> **Task requirements**: Pictures are to be left out; every line from the one with "[Australia - AusPower]" through the end of the data must be transcribed exactly.

> **Data segment**:
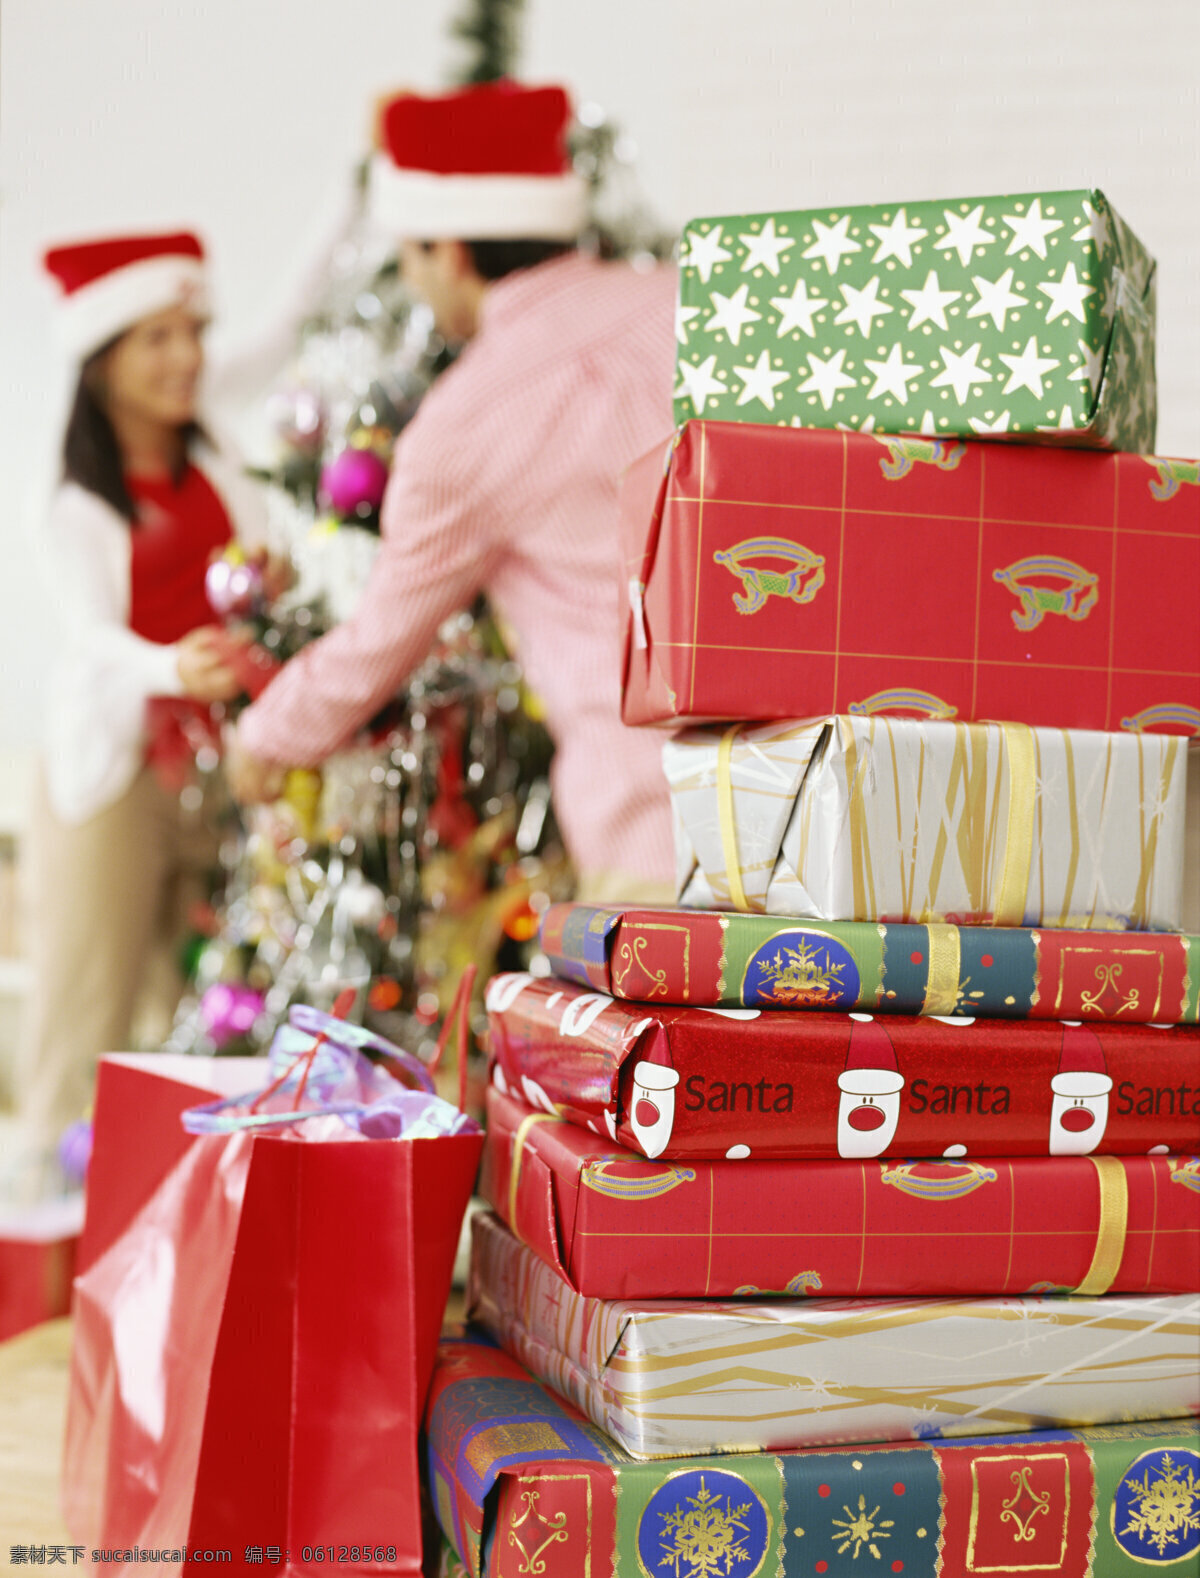 圣诞节 外国 夫妇 新年素材 外国家庭 夫妻 圣诞树 礼物 礼包 礼品 生活人物 人物图片
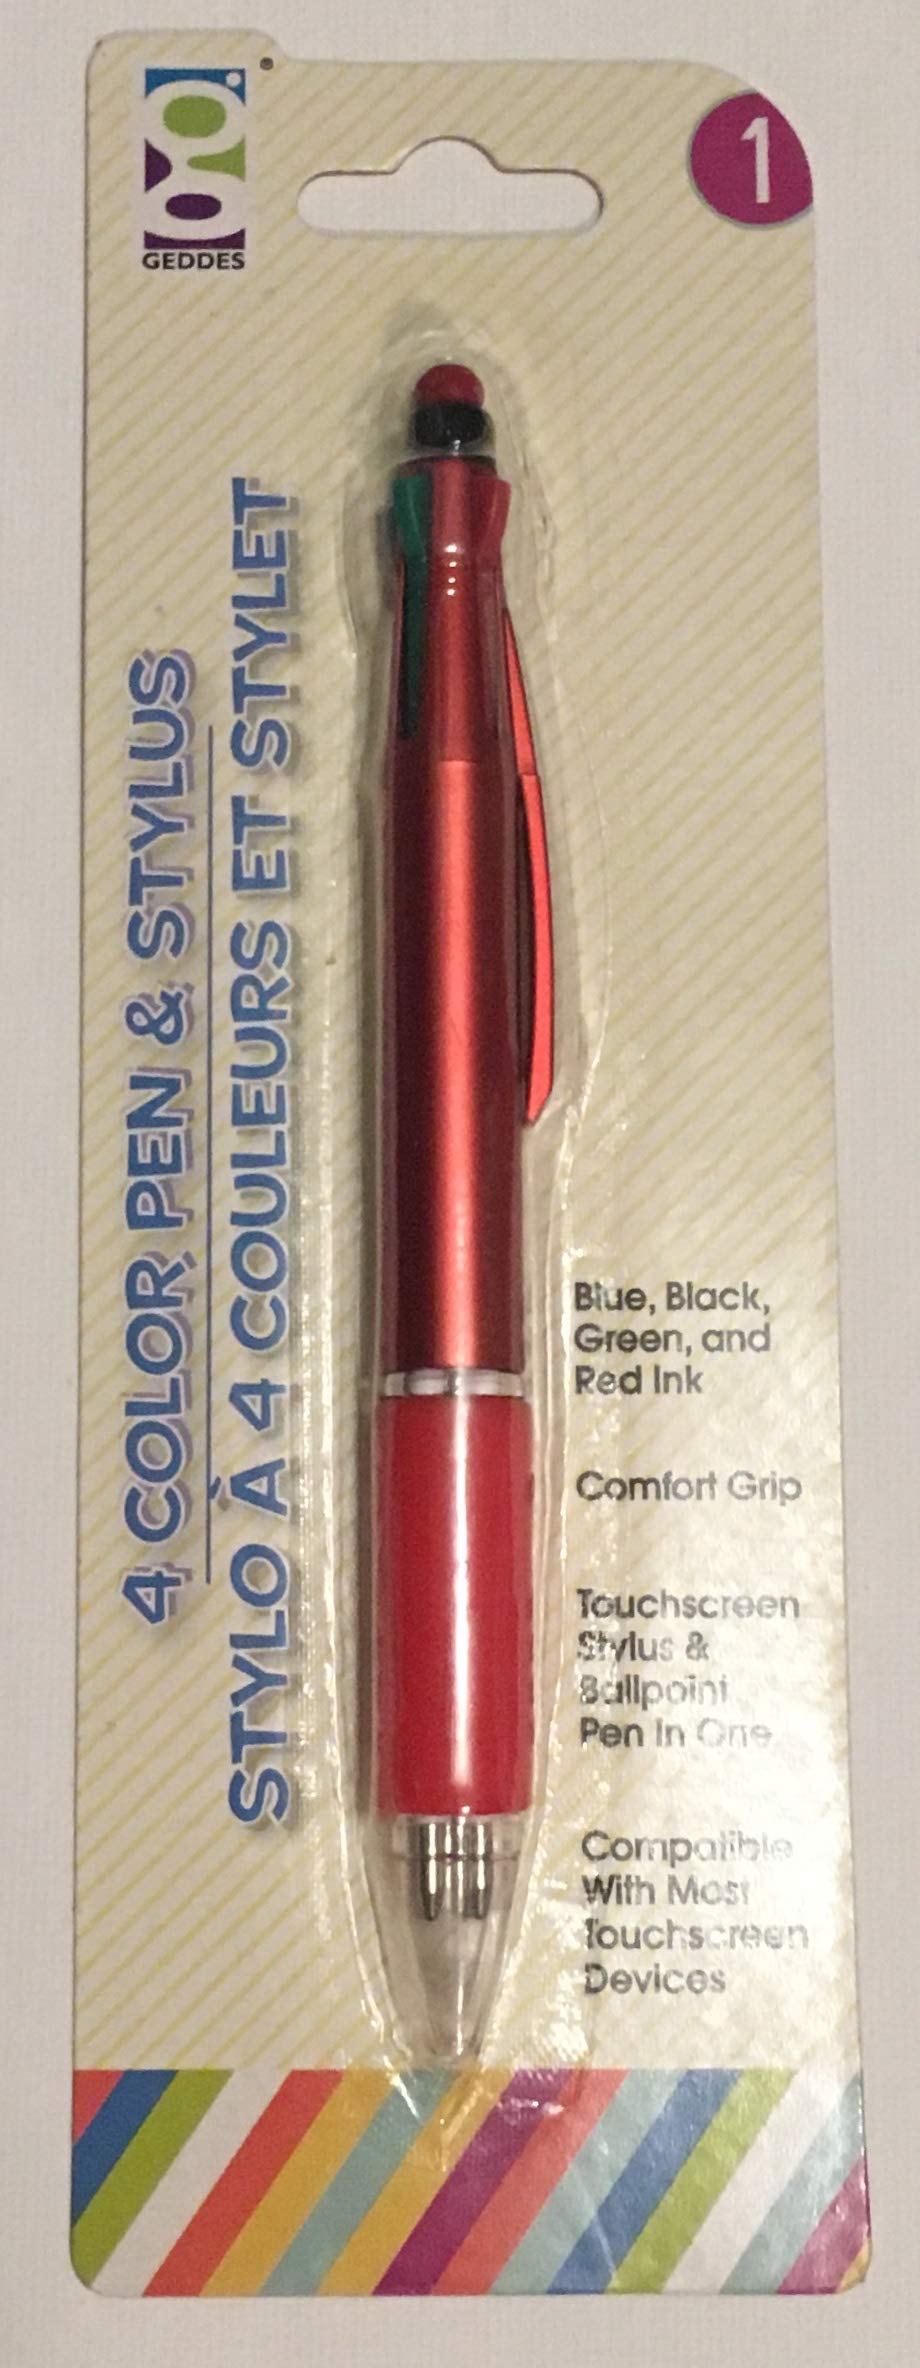 [Australia - AusPower] - 4 Color Pen and Stylus 
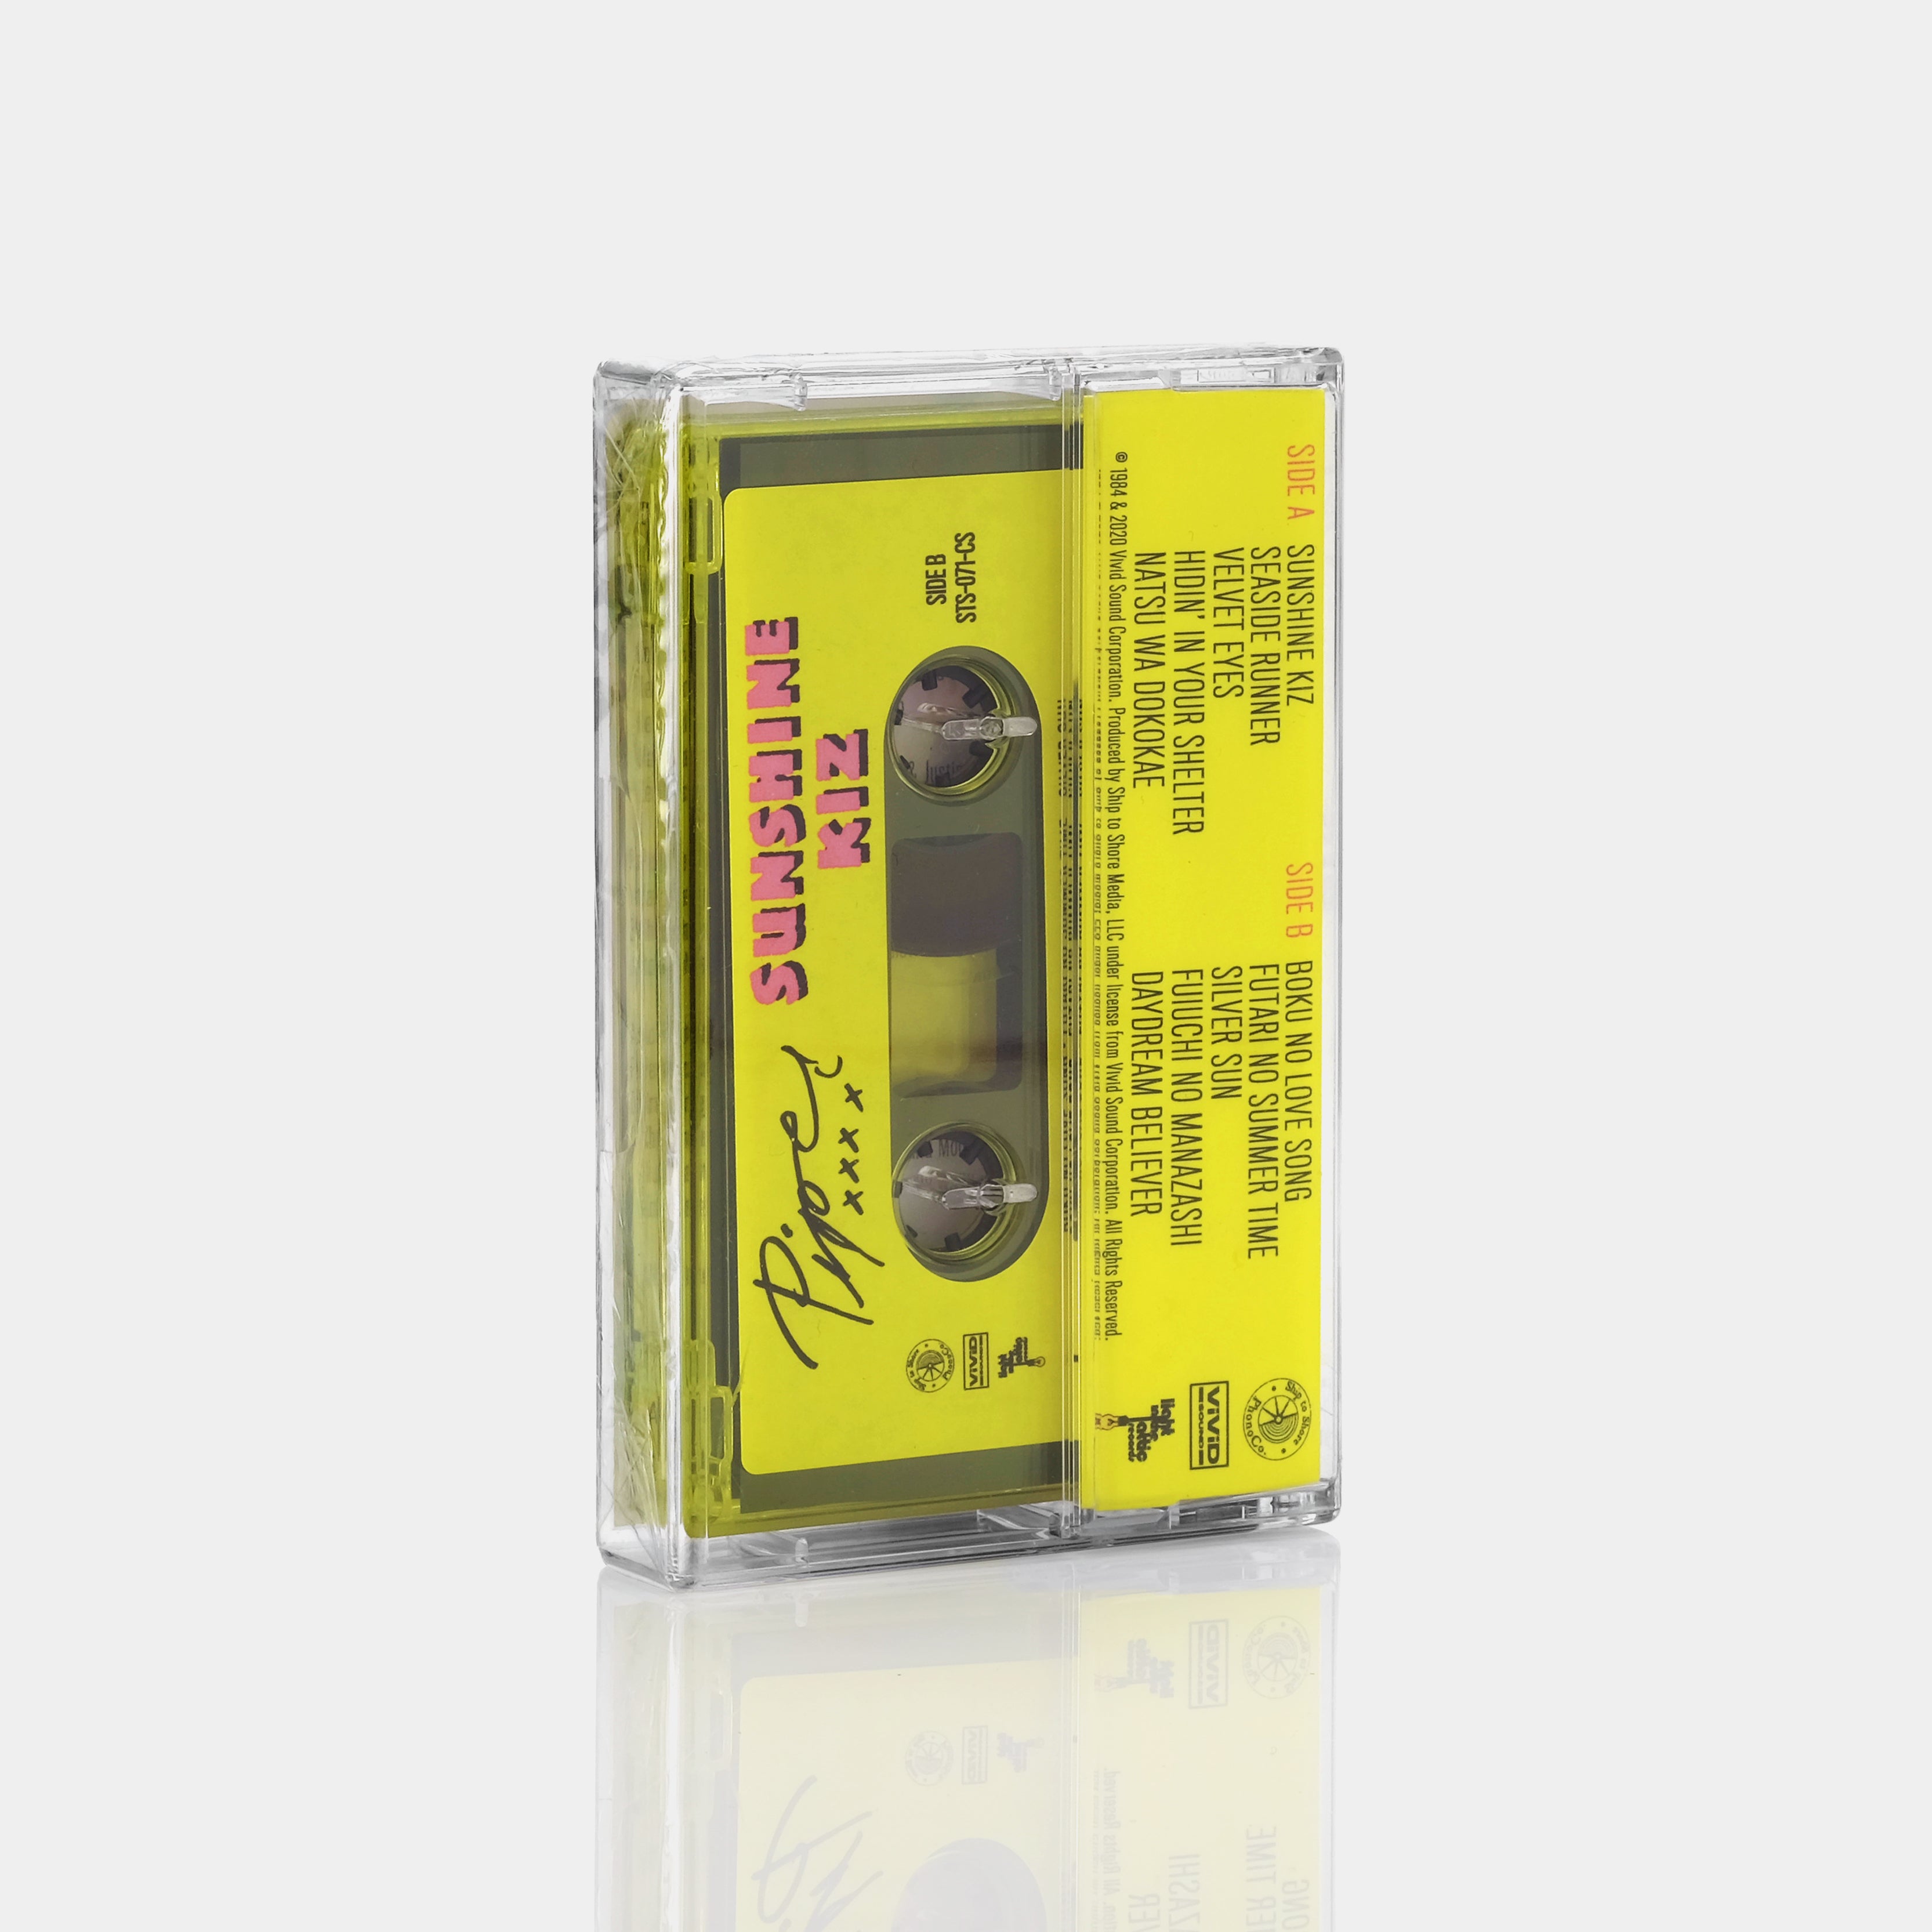 Piper - Sunshine Kiz Cassette Tape

> **Task response**:
 [Australia - AusPower] - 4 Color Pen and Stylus 
 Piper - Sunshine Kiz Cassette Tape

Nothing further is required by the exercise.